IBM has unveiled a prototype of a new brain-inspired computer powered by what it calls “electronic blood”.
The firm says it is learning from nature by building computers fuelled and cooled by a liquid, like our minds.
The human brain packs phenomenal computing power into a tiny space and uses only 20 watts of energy – an efficiency IBM is keen to match.
Its new “redox flow” system pumps an electrolyte “blood” through a computer, carrying power in and taking heat out.
A very basic model was demonstrated this week at the technology giant’s Zurich lab by Dr Patrick Ruch and Dr Bruno Michel.
Their vision is that by 2060, a one petaflop computer that would fill half a football field today, will fit on your desktop.
“We want to fit a supercomputer inside a sugarcube. To do that, we need a paradigm shift in electronics – we need to be motivated by our brain,” says Michel.

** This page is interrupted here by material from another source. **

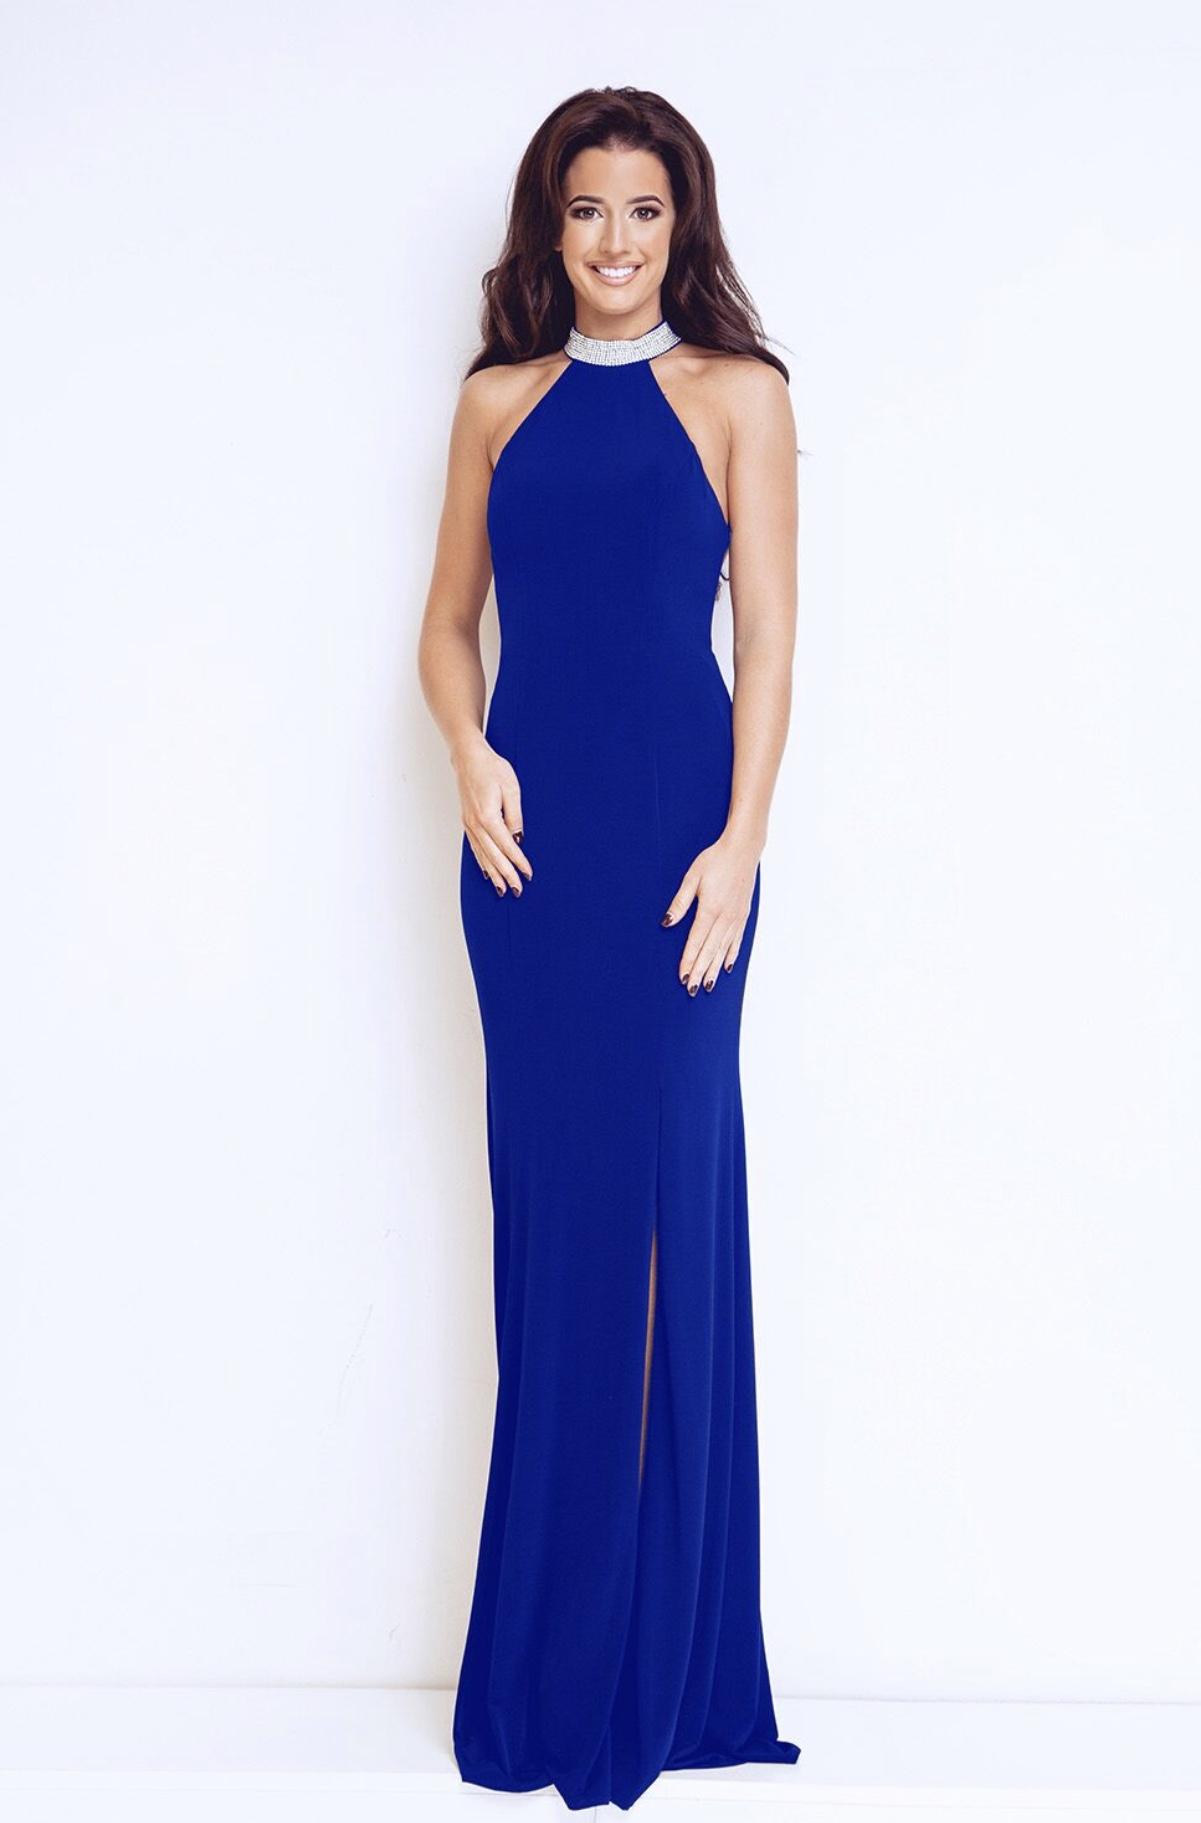 Dynasty London 1013127 royal blue - Ladida Boutique c64a9903c

“The human brain is 10,000 times more dense and efficient than any computer today.
“That’s possible because it uses only one – extremely efficient – network of capillaries and blood vessels to transport heat and energy – all at the same time.”
IBM’s brainiest computer to date is Watson, which famously trounced two champions of the US TV quiz show Jeopardy.
The victory was hailed as a landmark for cognitive computing – machine had surpassed man.